Alternative (from `lightning-core/` directory):

```bash
python ../ai_model_all_bench.py
python ../ml_all_bench.py
python ../dl_all_bench.py
```

Then checked by scanning `ours_best_vs_mps` from:
- `benchmark_results/kernel_bench.csv`
- `benchmark_results/pipeline_bench.csv`
- `benchmark_results/ml_all_bench.csv`
- `benchmark_results/large_gemm_auto_sweep.csv`

# 33. Benchmark Methodology Notes
- Warmup iterations are used before timed iterations.
- Some suites use repeated trials and median/robust center.
- Thermal state can affect absolute numbers; compare relative metrics and rerun if needed.
- For fair comparison, synchronize MPS paths and separate one-shot vs resident scenarios.

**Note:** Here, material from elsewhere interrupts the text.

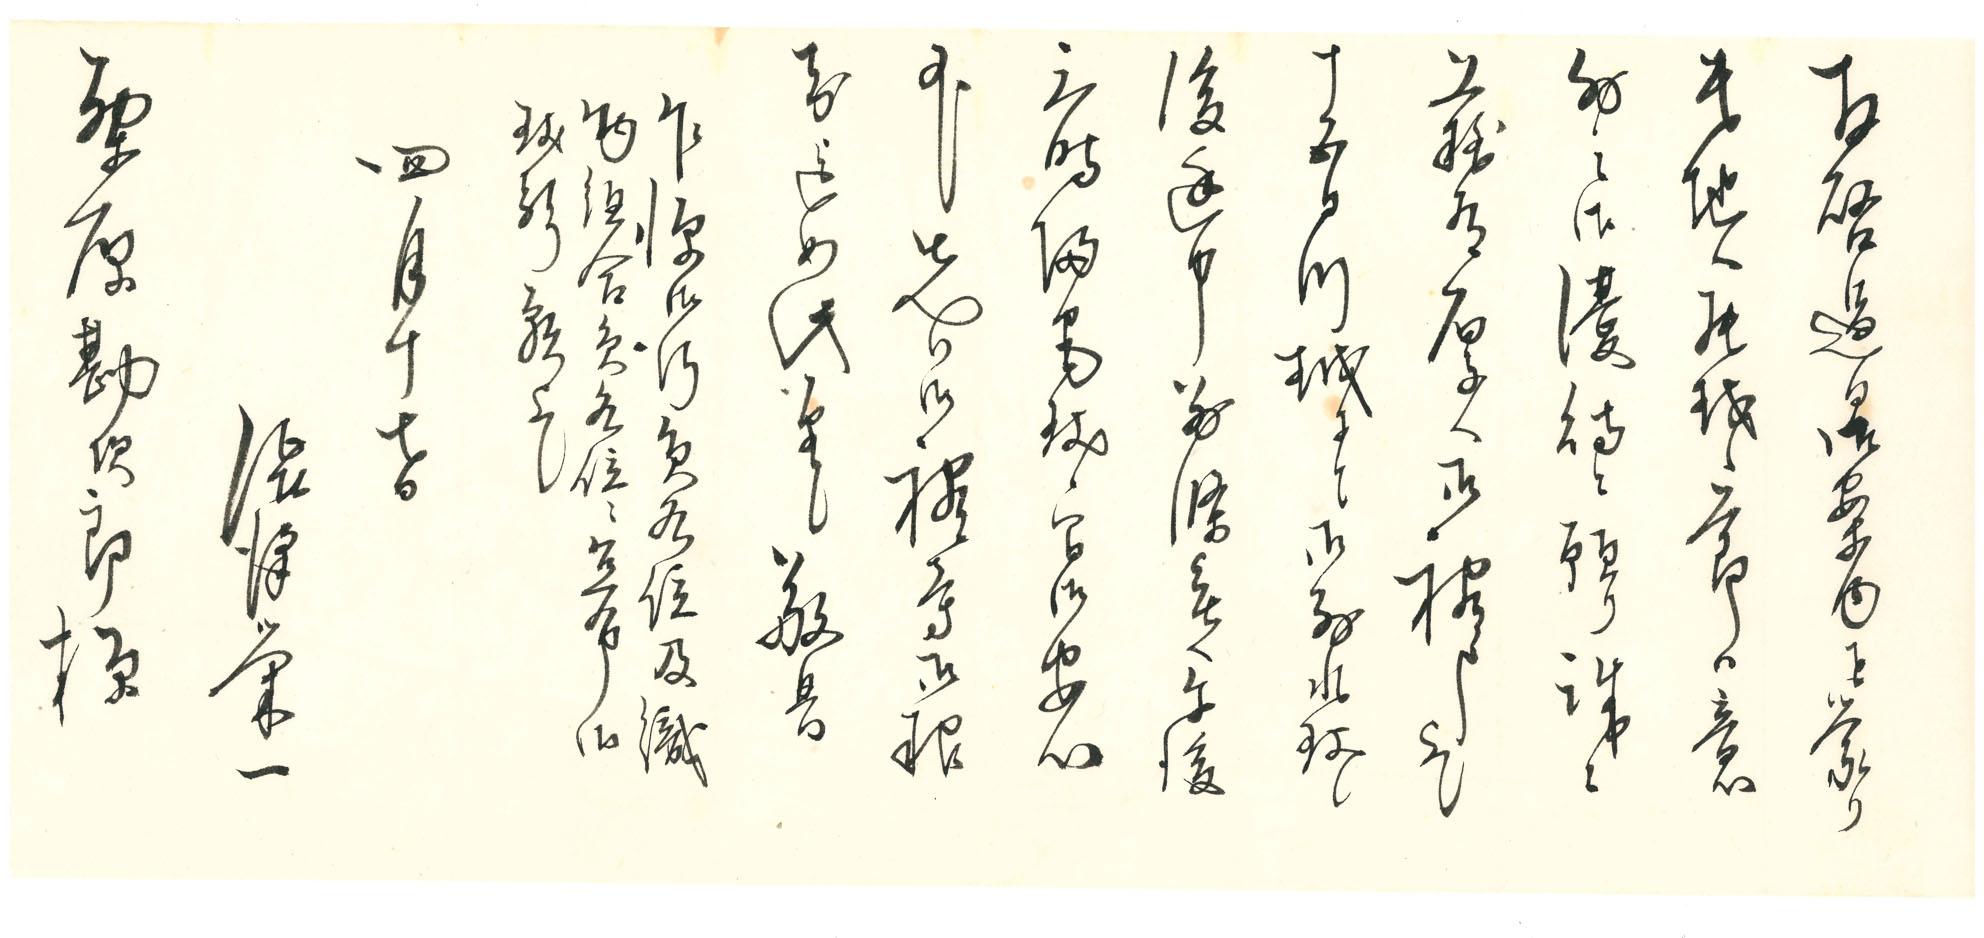 白い紙に流れるような文字で書かれている渋沢栄一からの手紙の写真

# 34. Repository Structure
```text
include/lightning_core/         # public wrapper headers
include/lightning_core/core/    # canonical core headers
include/cudajun/                # compatibility forwarding headers
src/                            # runtime + op implementations
python/bindings/                # pybind11 bindings
benchmarks/                     # native benchmark sources/scripts
tests/                          # C++ unit tests
docs/                           # quickstart/advanced/contributor docs
```

# 35. Roadmap
- Expand fused operator coverage for end-to-end pipelines.
- Improve precision/performance control surfaces.
- Harden reproducibility tooling and CI benchmarking.
- Continue Python ergonomics while preserving low-level controls.

# 36. Citation
If you use Lightning Core in research, please cite it as software:

```bibtex
@software{lightning_core,
  title = {Lightning Core: Metal-First Runtime for Attention and Fused Pipelines},
  author = {Beak, JunHyeon},
  year = {2026},
  url = {https://github.com/wnsgus00114-droid/lightning-core}
}
```

# 37. License
This project is licensed under **Kwangwoon University License 1.0 (KWU-1.0)**.
See [LICENSE](LICENSE).

# 38. Contributing
Please read:
- [docs/contributor.md](docs/contributor.md)

General flow:
1. Open an issue/discussion for major changes.
2. Keep PRs focused and benchmark-backed when performance-sensitive.
3. Include reproduction steps for behavior/perf changes.

# 39. Project Status
**Active development (beta).**

Lightning Core is stable enough for experimentation and benchmarking, while APIs and internals continue to evolve quickly.